■ GIVEN DATA ■
+---+

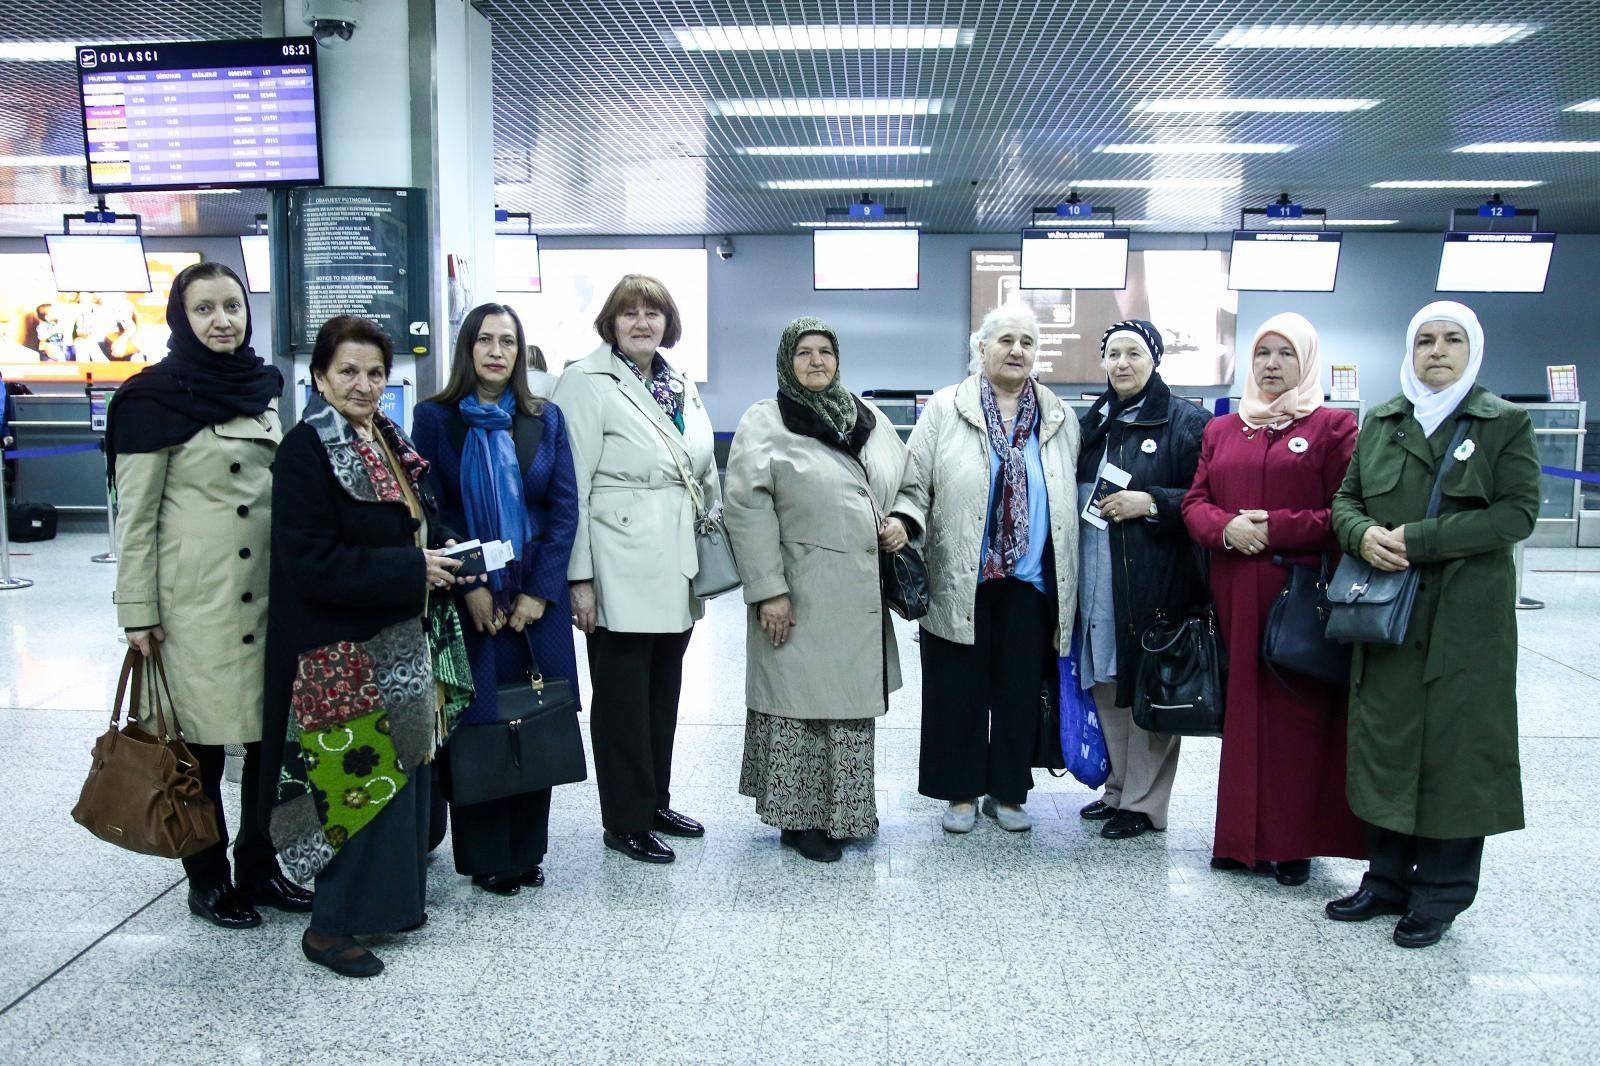 Predstavnice Udruženja "Majke Srebrenice" na  Sarajevskom aerodromu - Avaz
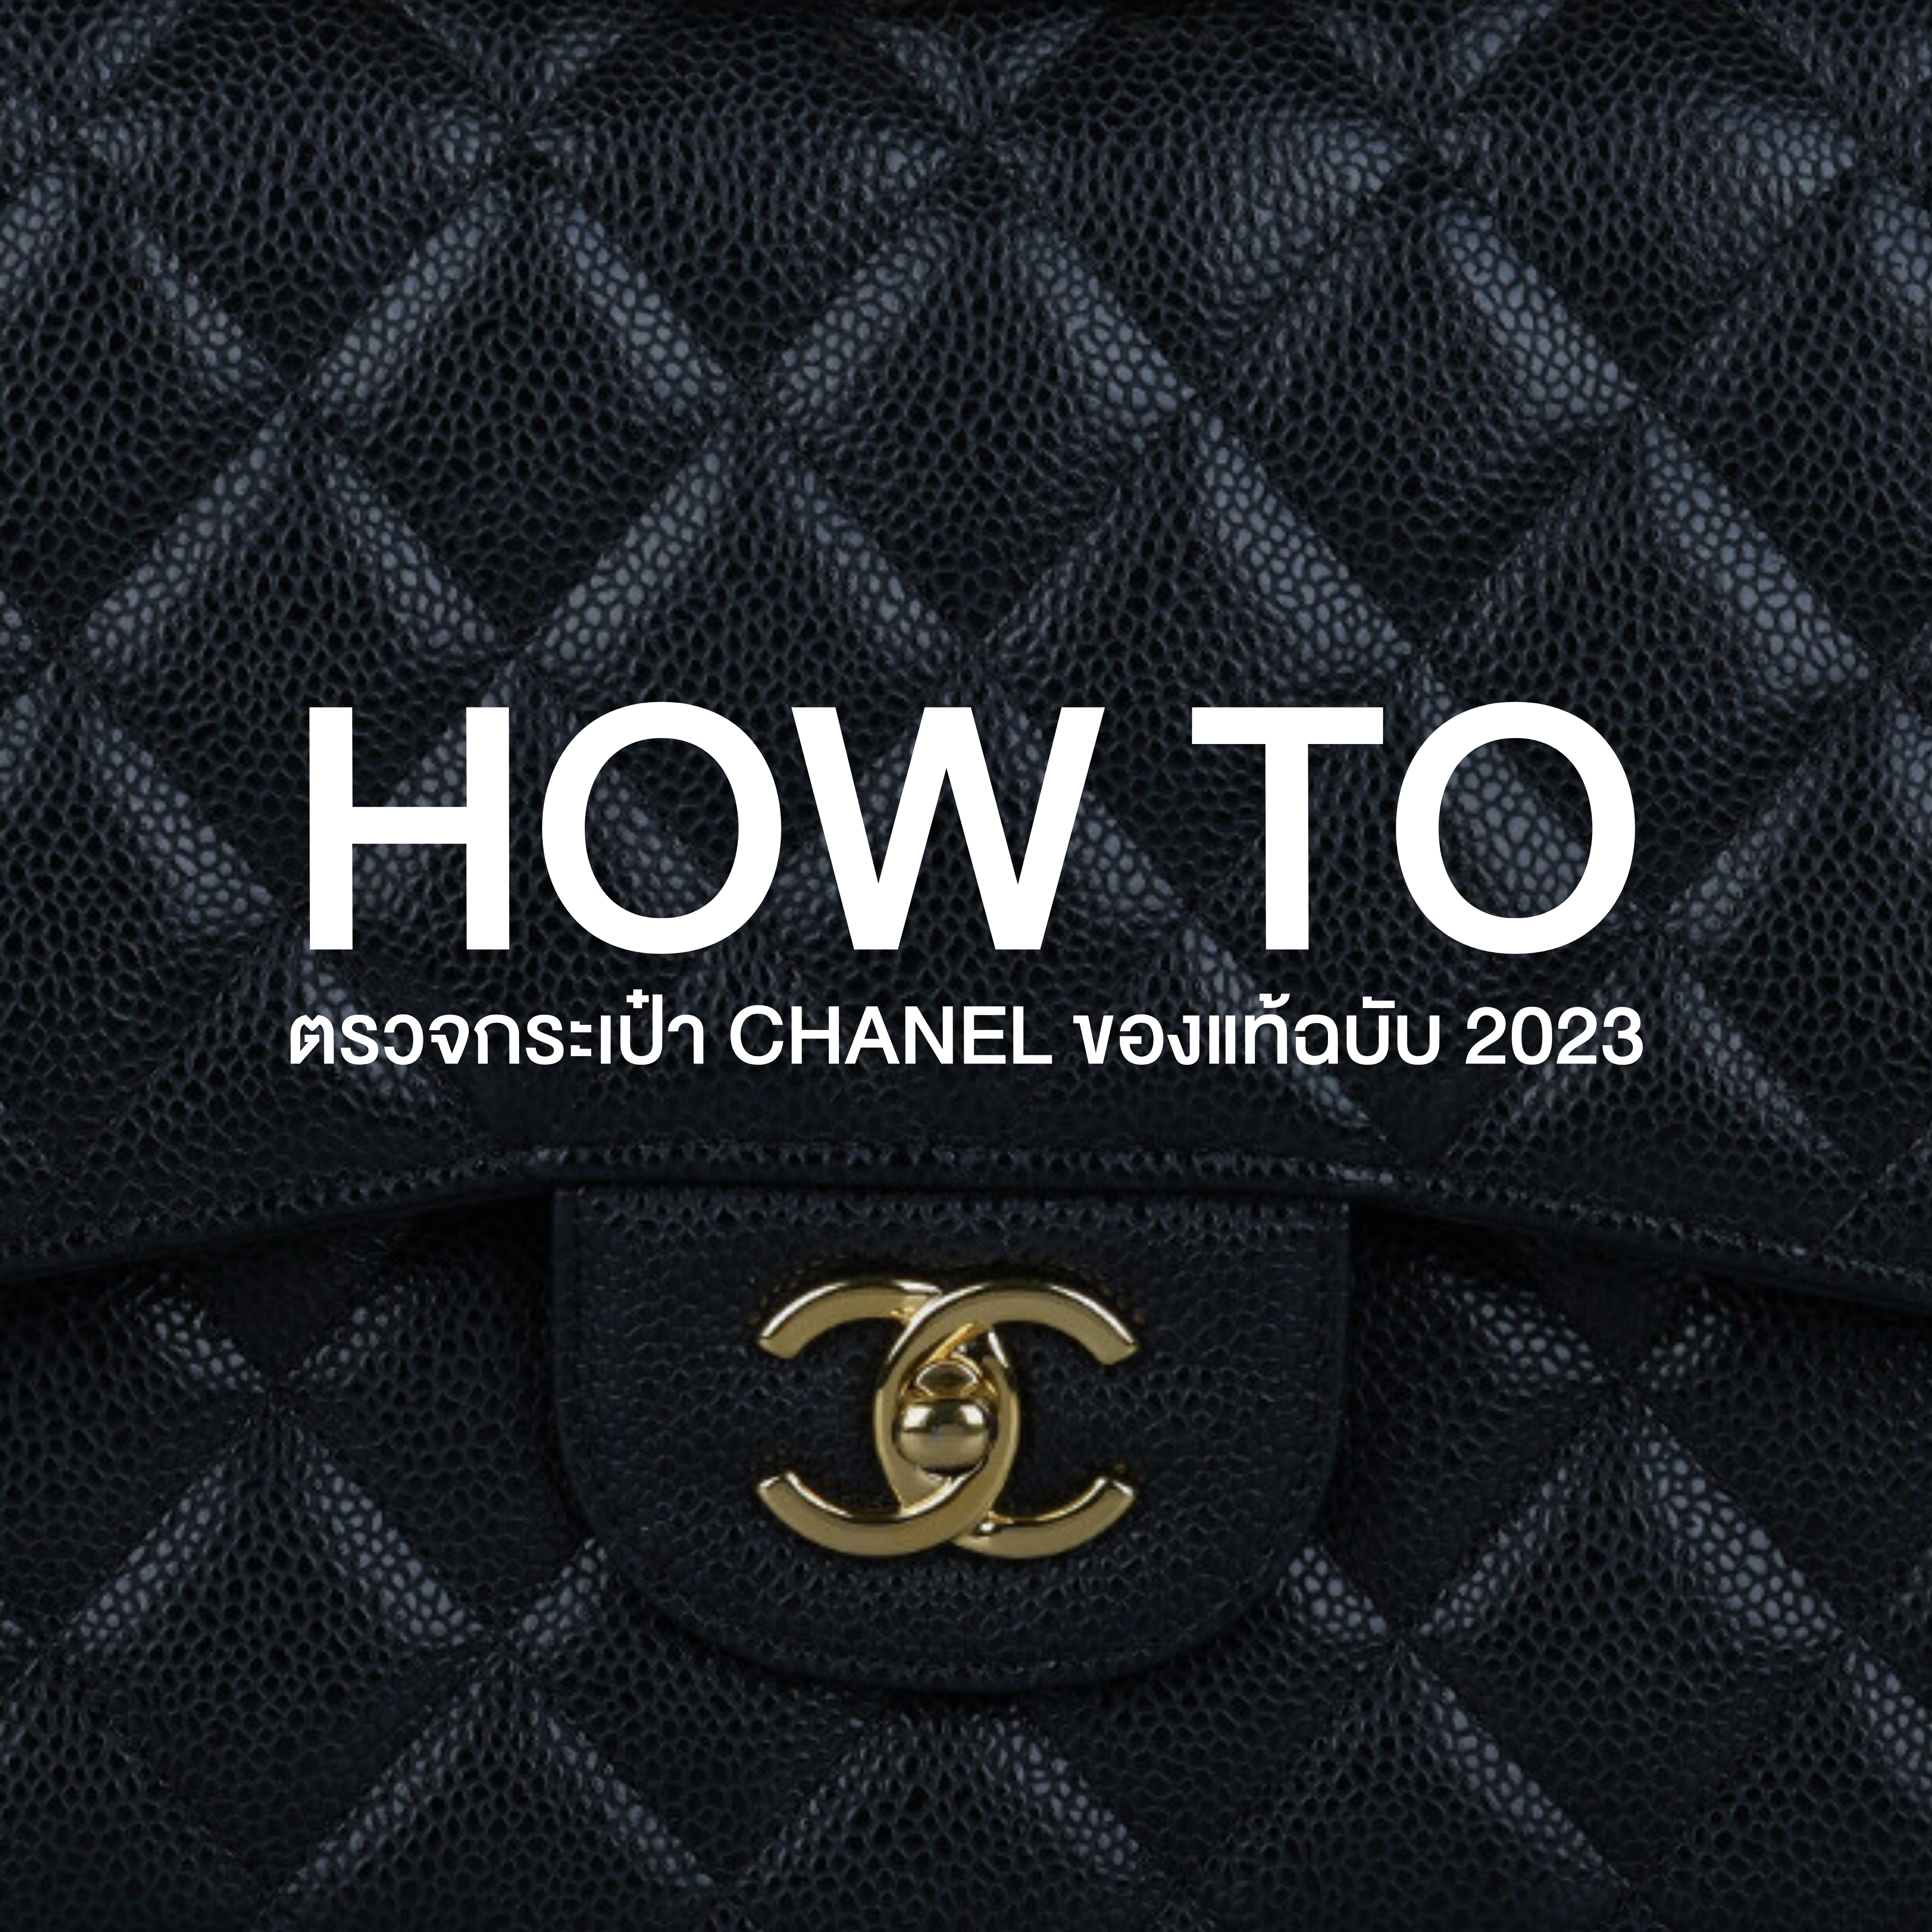 How to ตรวจกระเป๋า Chanel ของแท้ฉบับ 2023
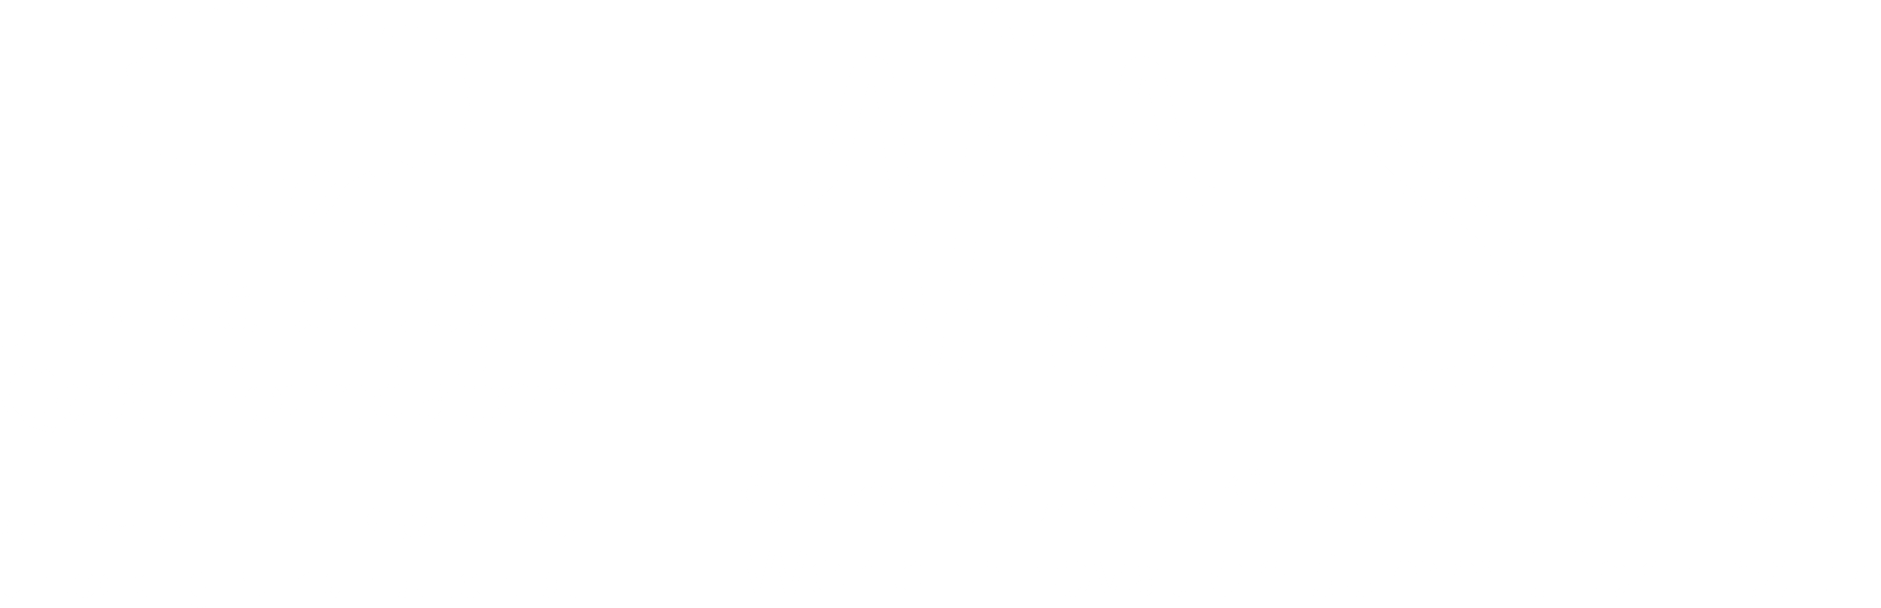 wish logo
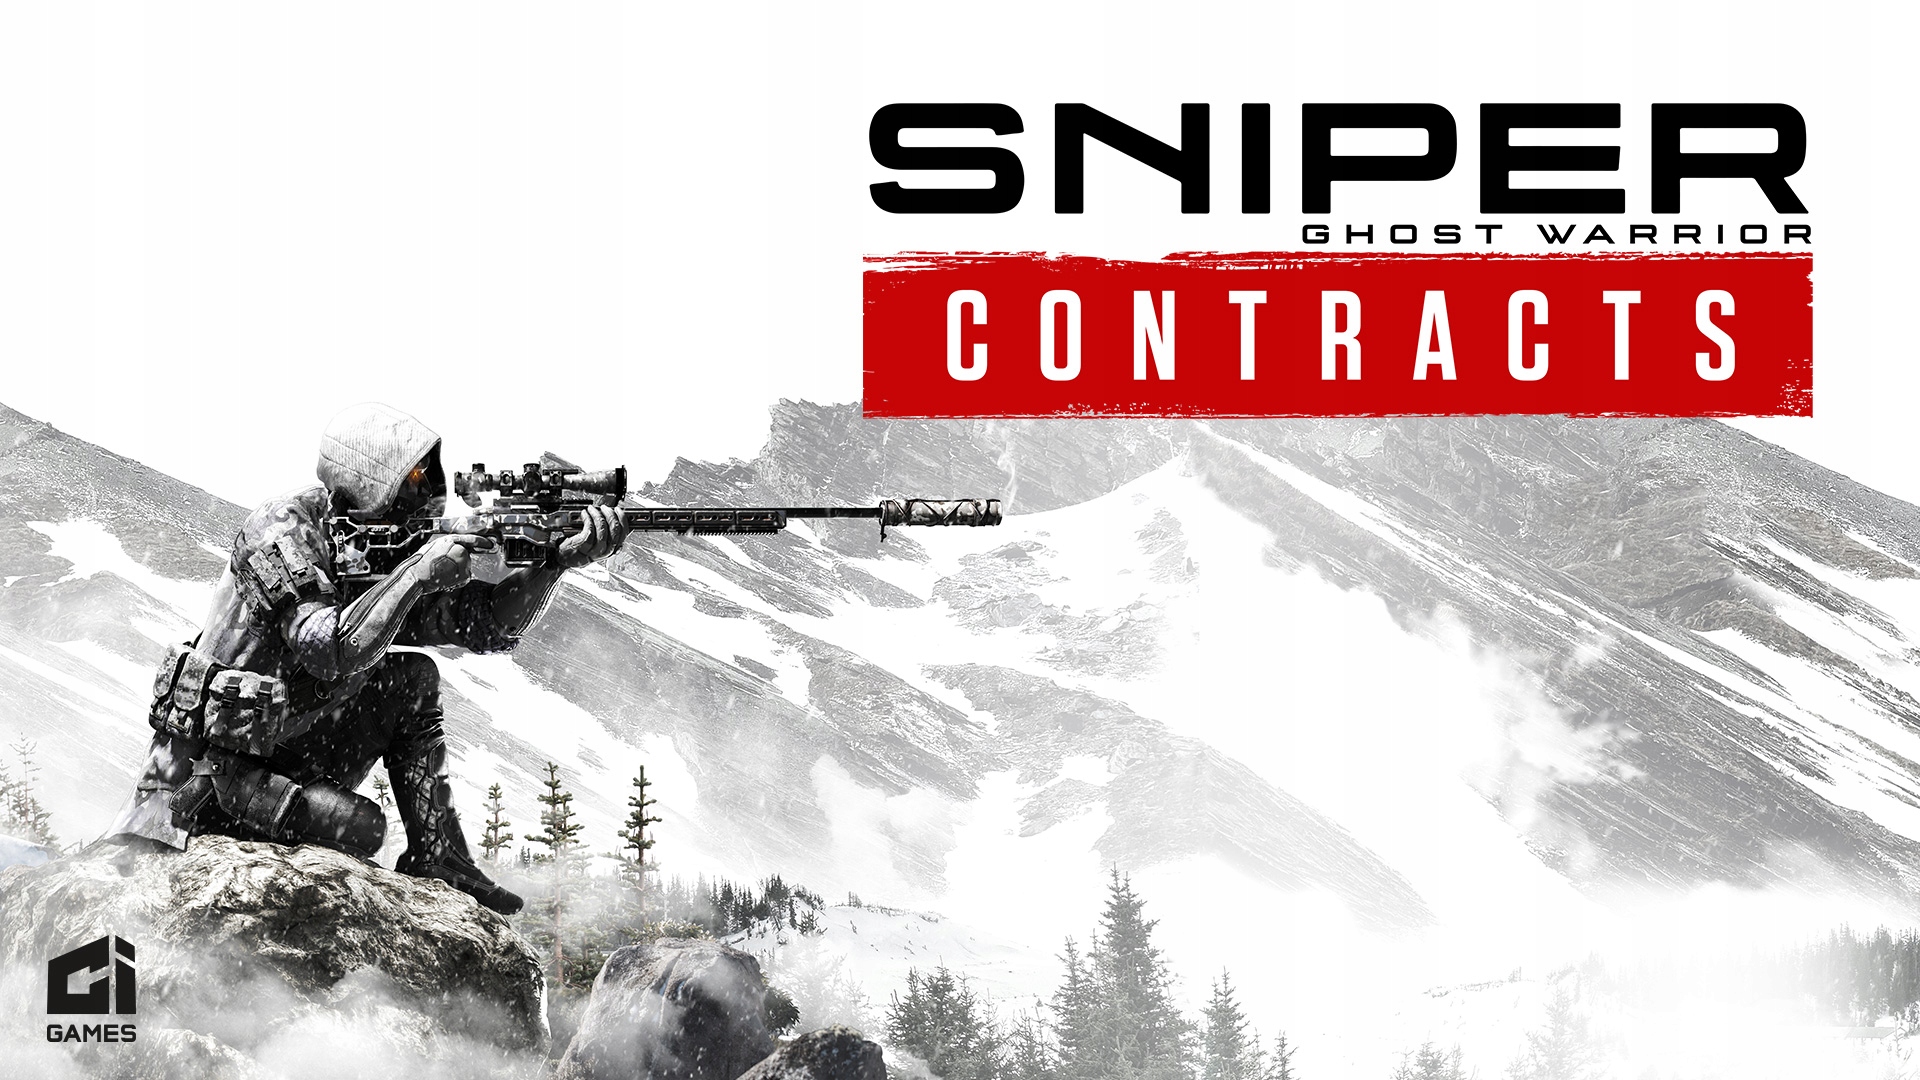 Sniper Ghost Warrior Contracts Порт имени Колчака

+---+

■ GOAL OF THE EXERCISE ■
Once the pictures are set aside, please output all the data word for word.

■ WRITTEN REPLY ■
 Predstavnice Udruženja "Majke Srebrenice" na  Sarajevskom aerodromu - Avaz
 How to ตรวจกระเป๋า Chanel ของแท้ฉบับ 2023
 wish logo
 Sniper Ghost Warrior Contracts Порт имени Колчака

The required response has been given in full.